Activity:
Once you reach the line with "infamous second son" below, copy each line exactly, stopping after the line with "I'm A Nature", and skip any pictures.

Task inputs:
• • • • • • •
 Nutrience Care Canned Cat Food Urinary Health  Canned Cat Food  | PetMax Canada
• • • • • • •
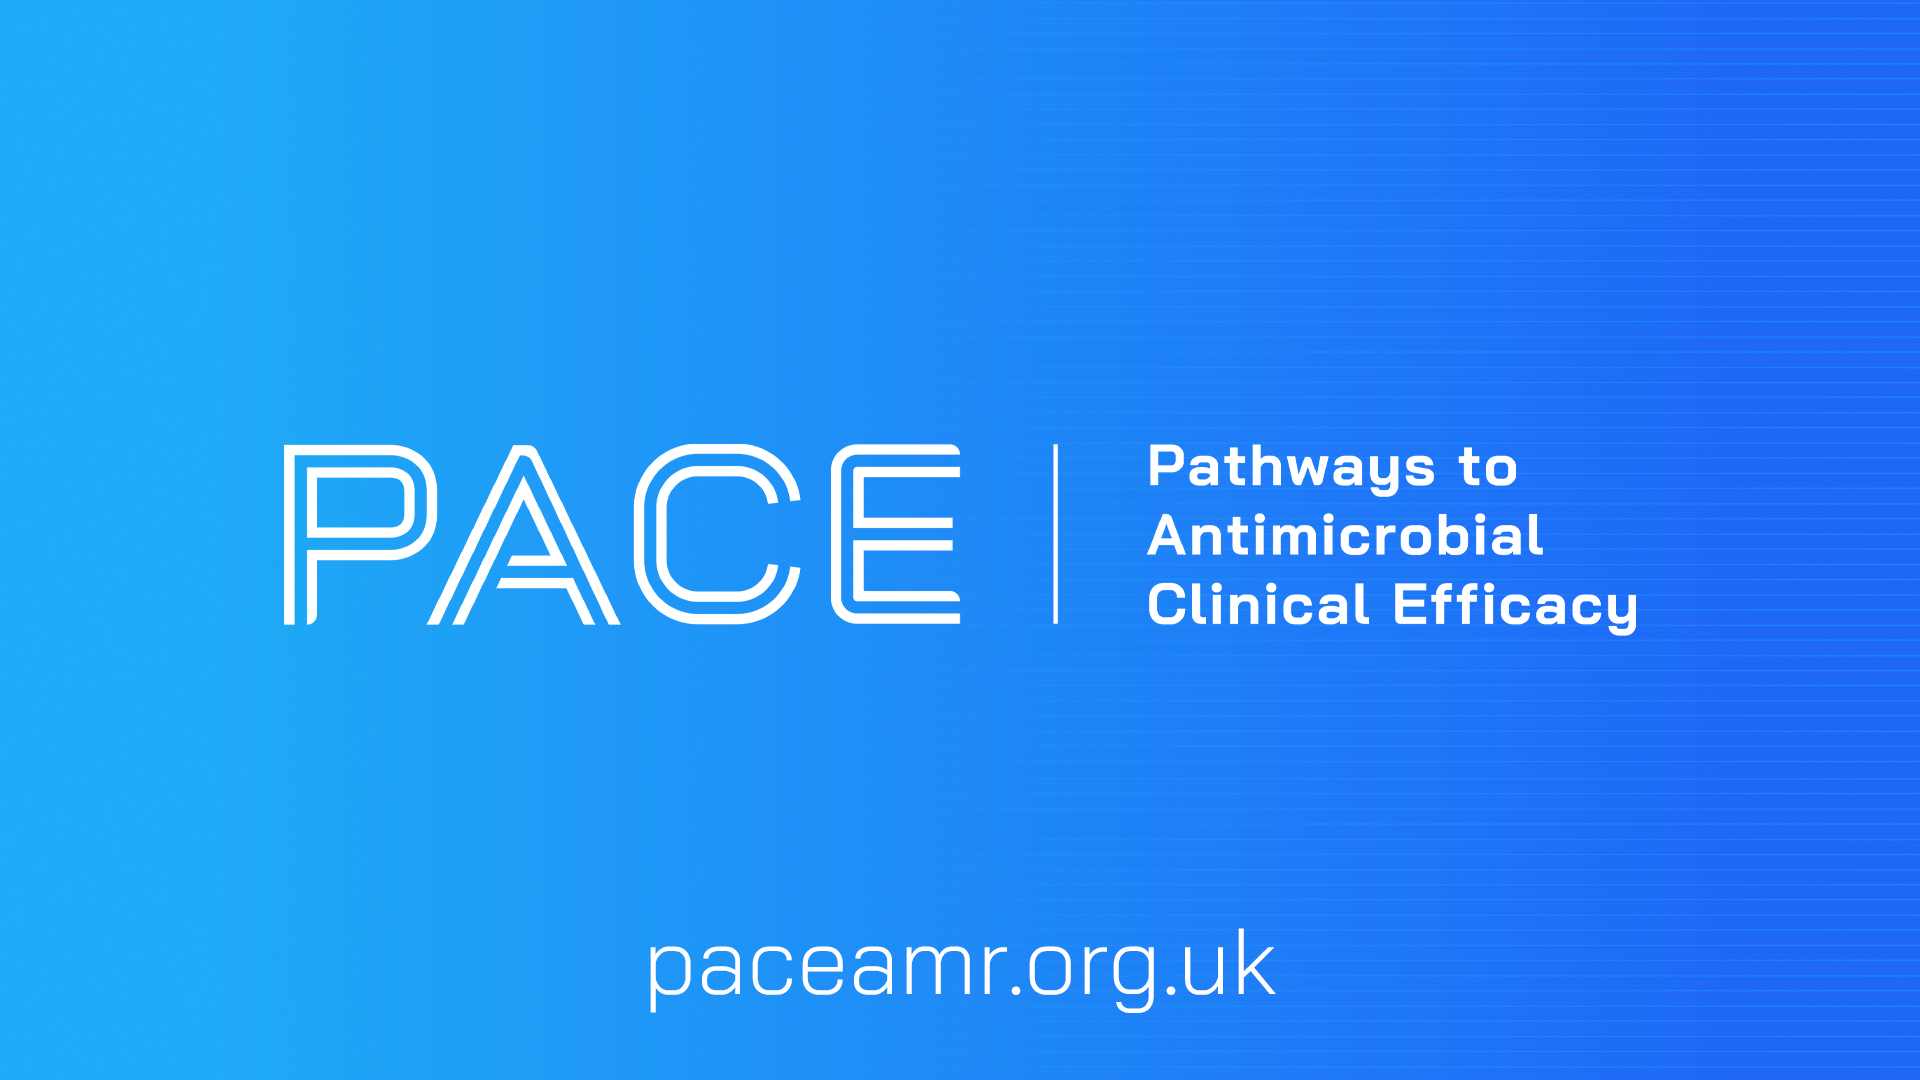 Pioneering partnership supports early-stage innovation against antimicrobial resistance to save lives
• • • • • • •
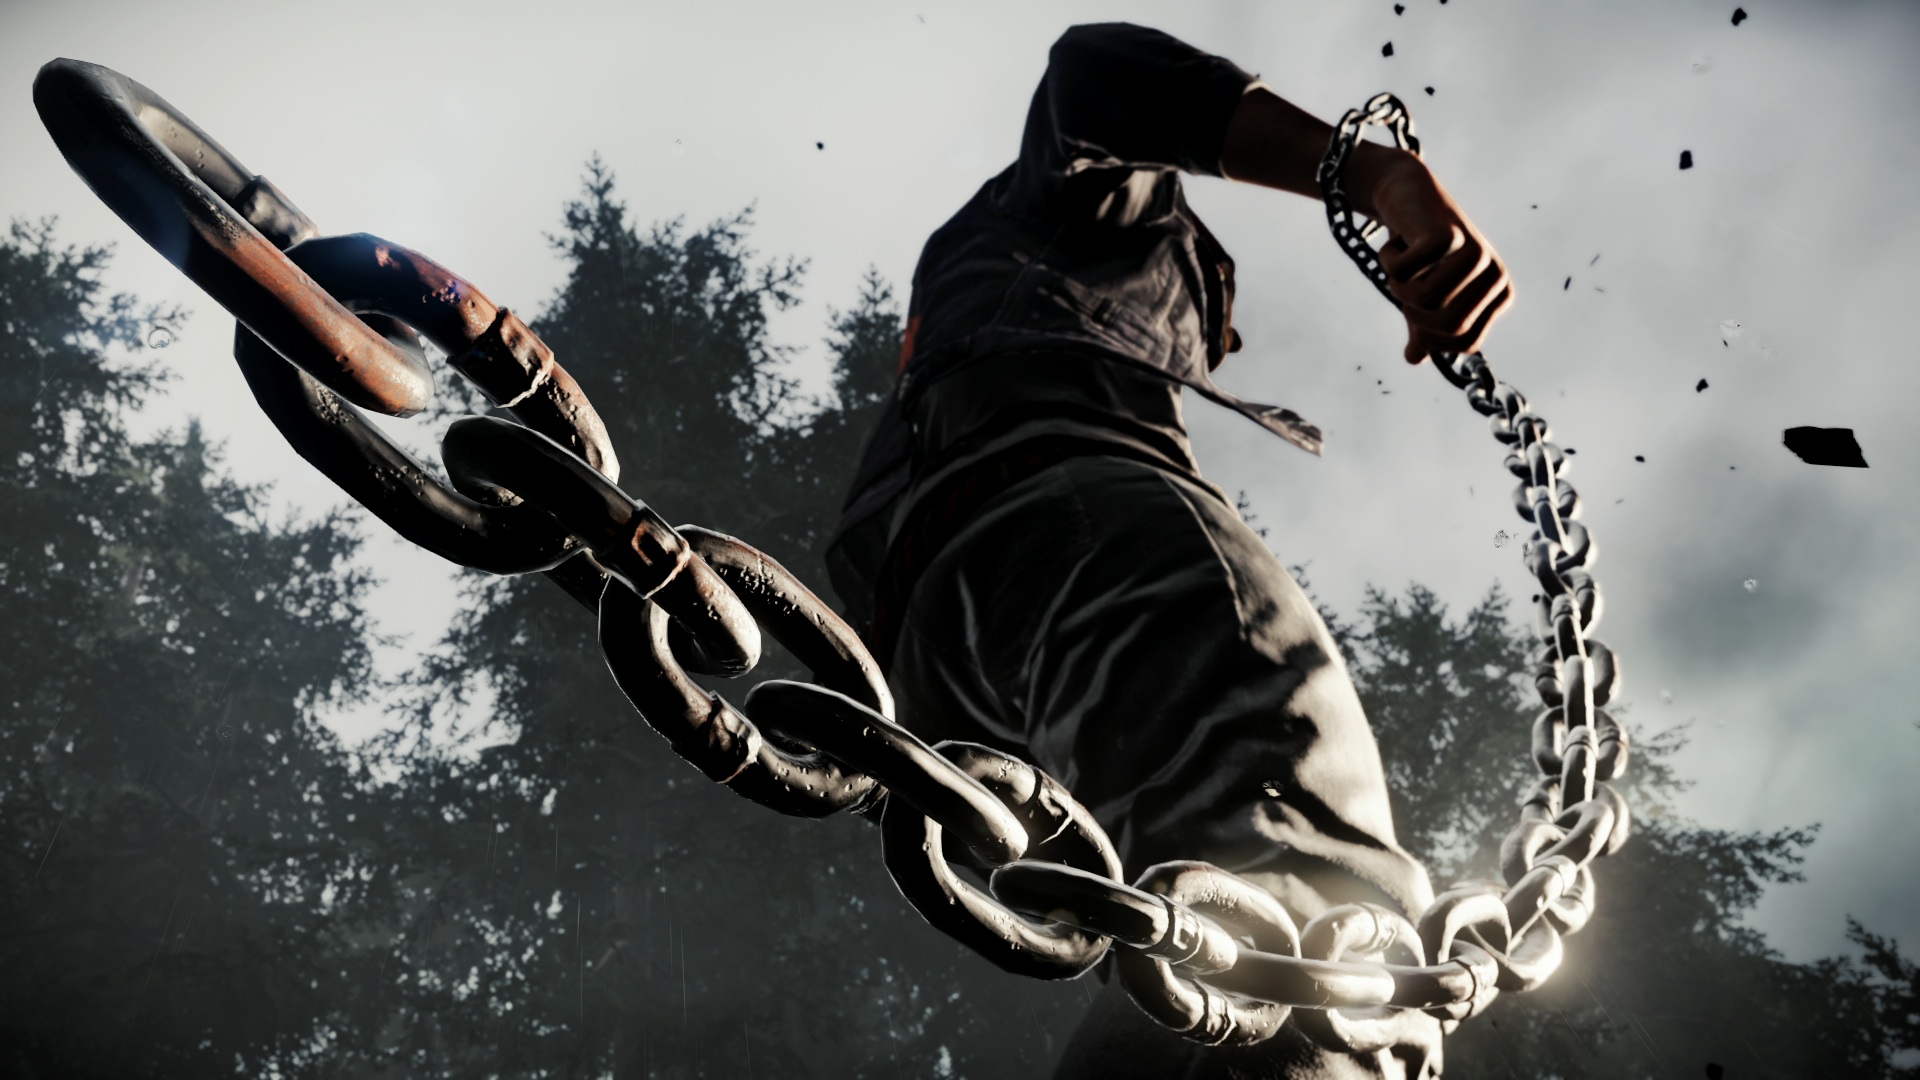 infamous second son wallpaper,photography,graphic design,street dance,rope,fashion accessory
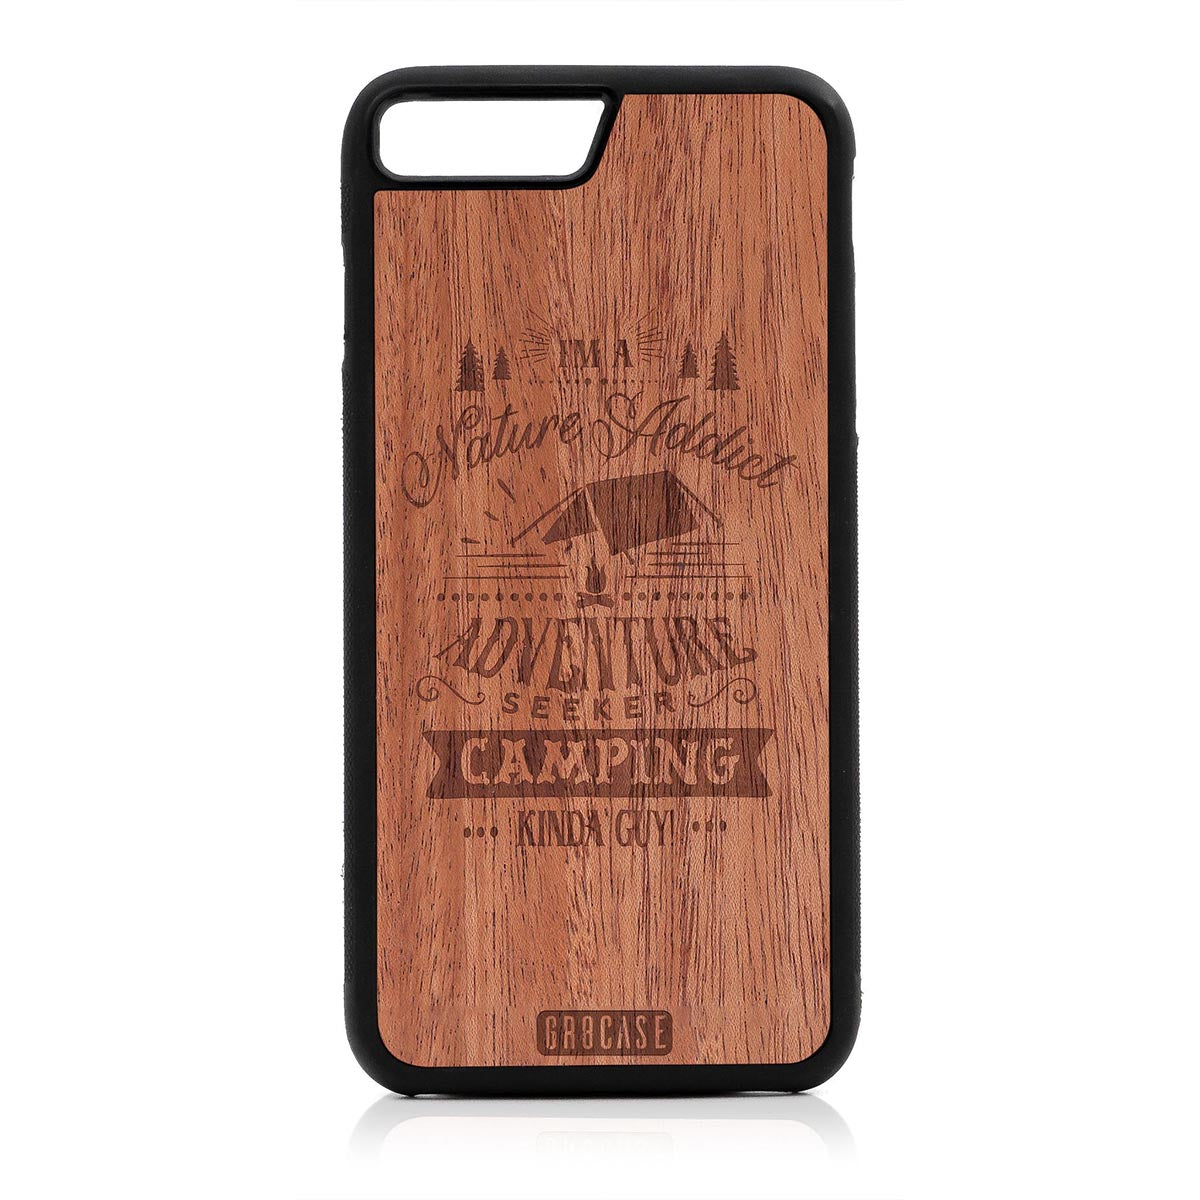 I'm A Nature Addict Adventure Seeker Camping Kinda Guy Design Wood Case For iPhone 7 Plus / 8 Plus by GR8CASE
• • • • • • •
Answer space:
 infamous second son wallpaper,photography,graphic design,street dance,rope,fashion accessory
 I'm A Nature Addict Adventure Seeker Camping Kinda Guy Design Wood Case For iPhone 7 Plus / 8 Plus by GR8CASE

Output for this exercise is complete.